The dwelling is listed as your place of residence on various government records including your driver’s licence, your tax returns, the electoral roll, and your personal mail is directed there. You reside in the dwelling when you are not otherwise travelling for work or personal reasons.
You own another property located in another region which was your previous main residence. This property is now rented permanently; however, there is a small unit at the rear of the property that you occasionally use when you are travelling about the region.
You provide services to clients who are geographically disperse. Your central business office is located in one region while you operate remotely from your home in another region. Your business correspondence is directed to your business offices or dealt with electronically.
You frequently travel both for work and personal reasons away from your dwelling for periods which vary from as short as a few days up to a number of months at a time. You estimate you travel for between four to six months of the year either visiting your clients and a network of other professionals that you are affiliated with via your business activity, or on personal travel.
You use a motor home when you travel. You place your immediate personal effects (clothes and accessories, phone and laptop) within the motor home to carry with you while you travel. You store personal papers and certain other personal items (photos etc) digitally on your laptop.
When you travel, you place additional effects that you do not have an immediate need to access within a lockable storage cabinet located within your dwelling. Otherwise, you leave your general furnishings and other non-personalised household items in situ within your dwelling while you are absent.

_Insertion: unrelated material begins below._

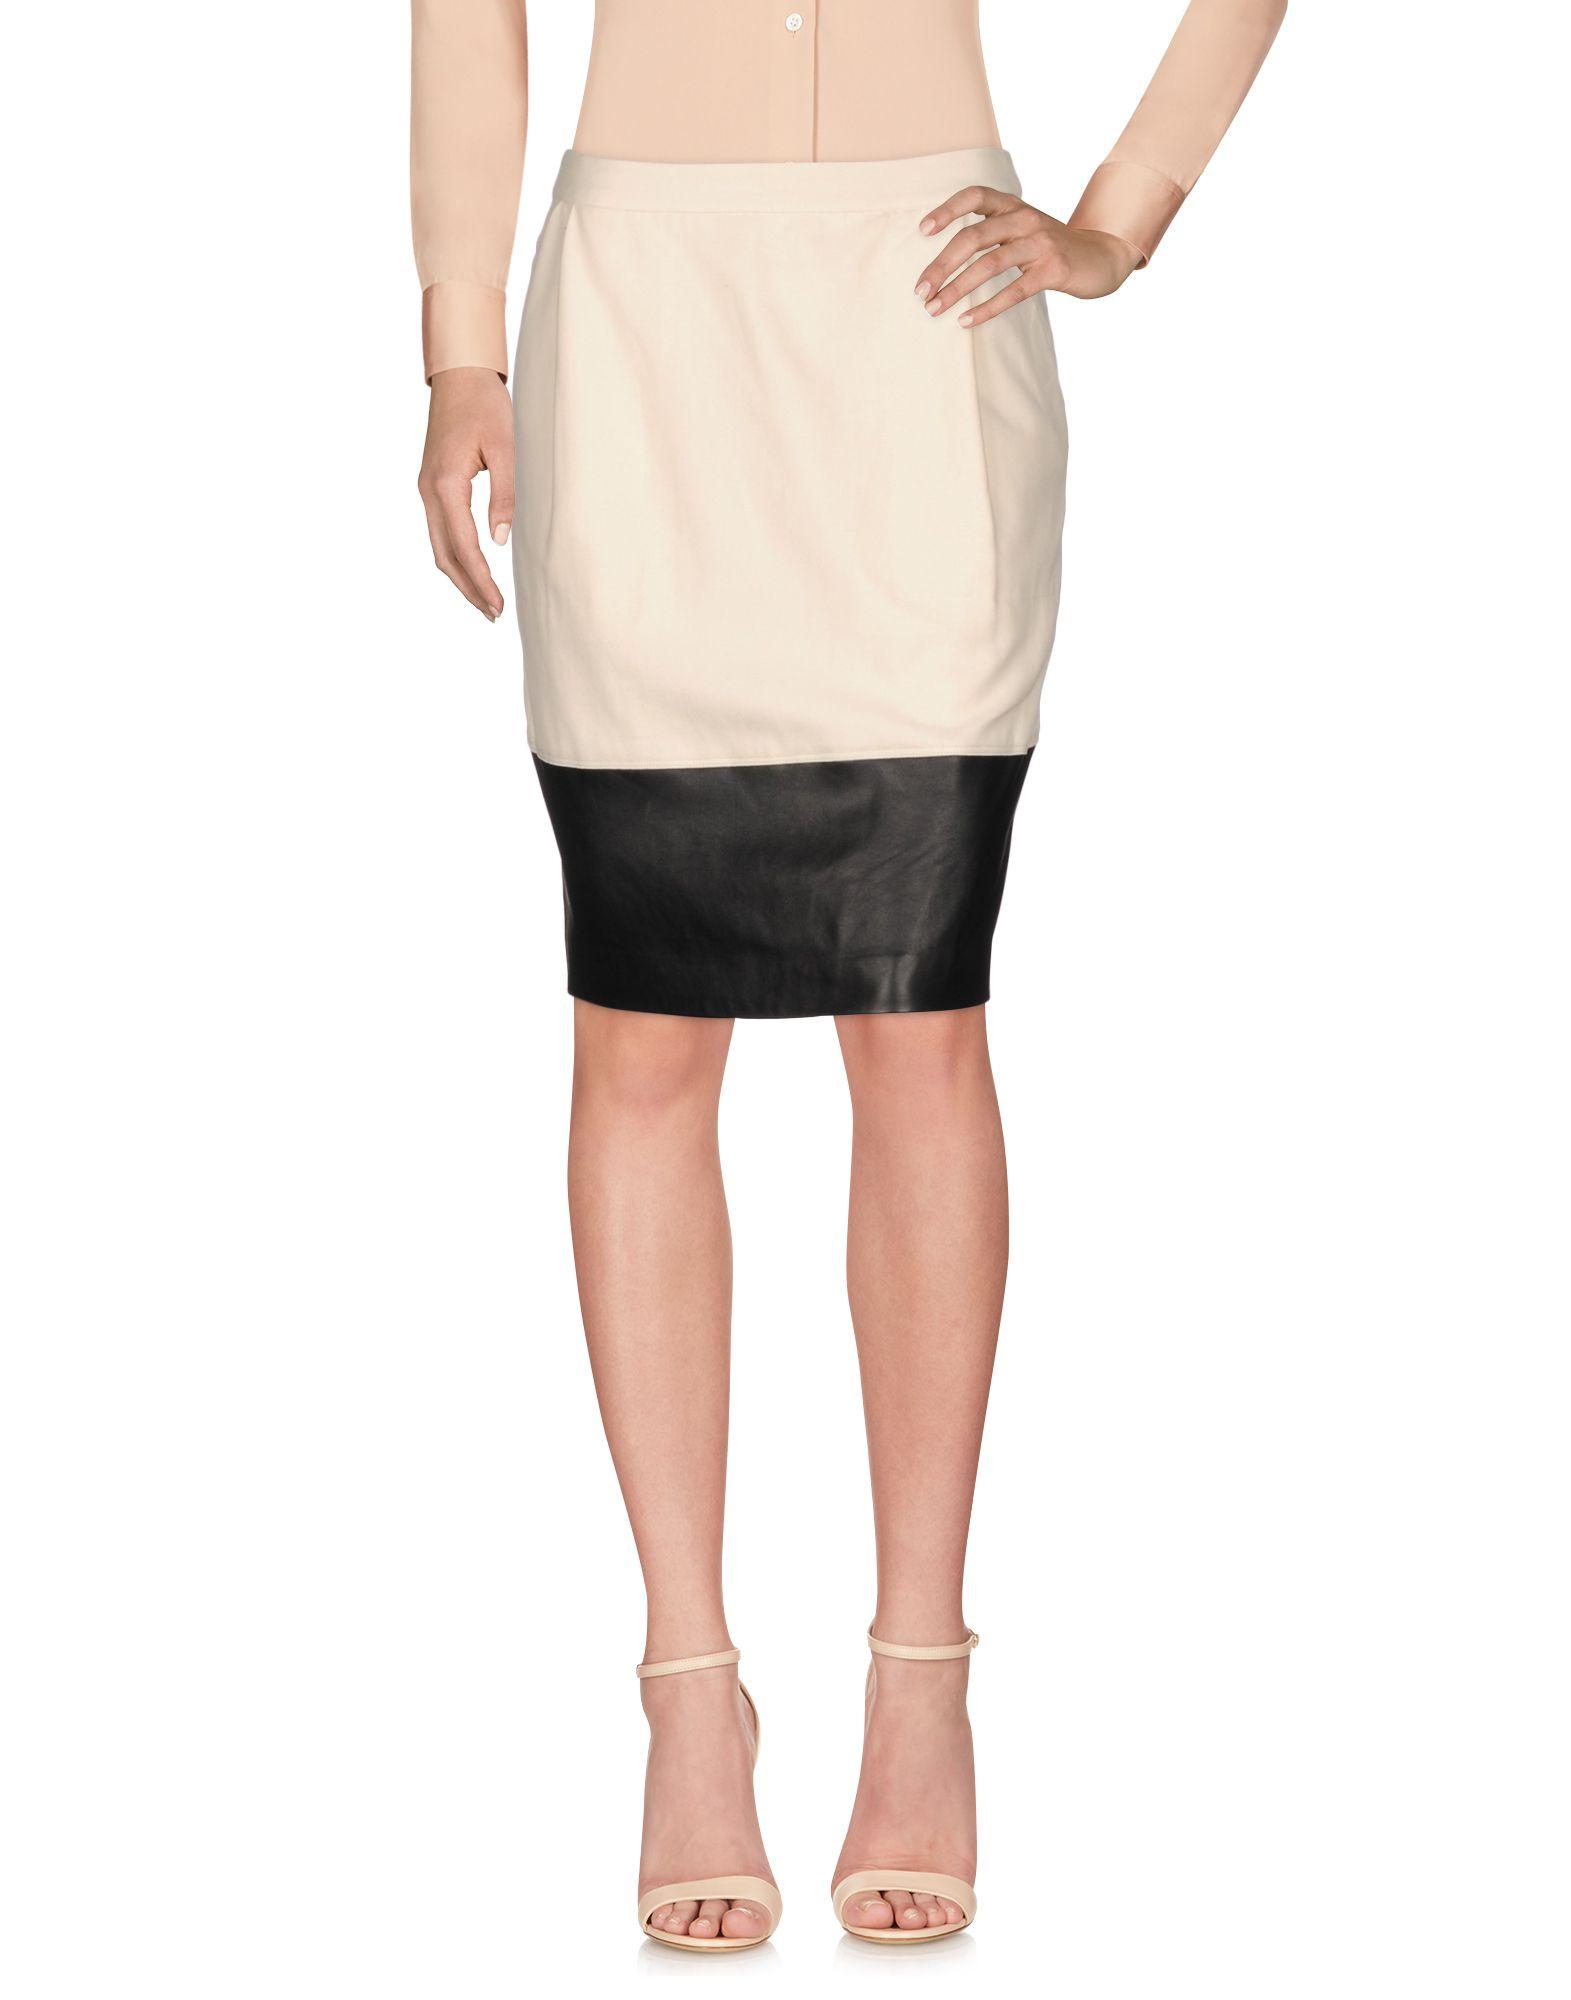 BAND OF OUTSIDERS Knee Length Skirt in Ivory

In a coming month, you will travel away from your dwelling to city A via city B and town C, primarily to meet with clients, although you may stop over at a friend’s property along the way. You anticipate this travel will be for a period of one or two weeks. Time permitting, you may extend the trip to allow a short period of personal holiday.
You then plan to travel interstate to city D for the balance of the month, primarily to attend a family event, although you will also meet with a local professional who is part of your business network. At the end of that period, you plan on returning to your dwelling.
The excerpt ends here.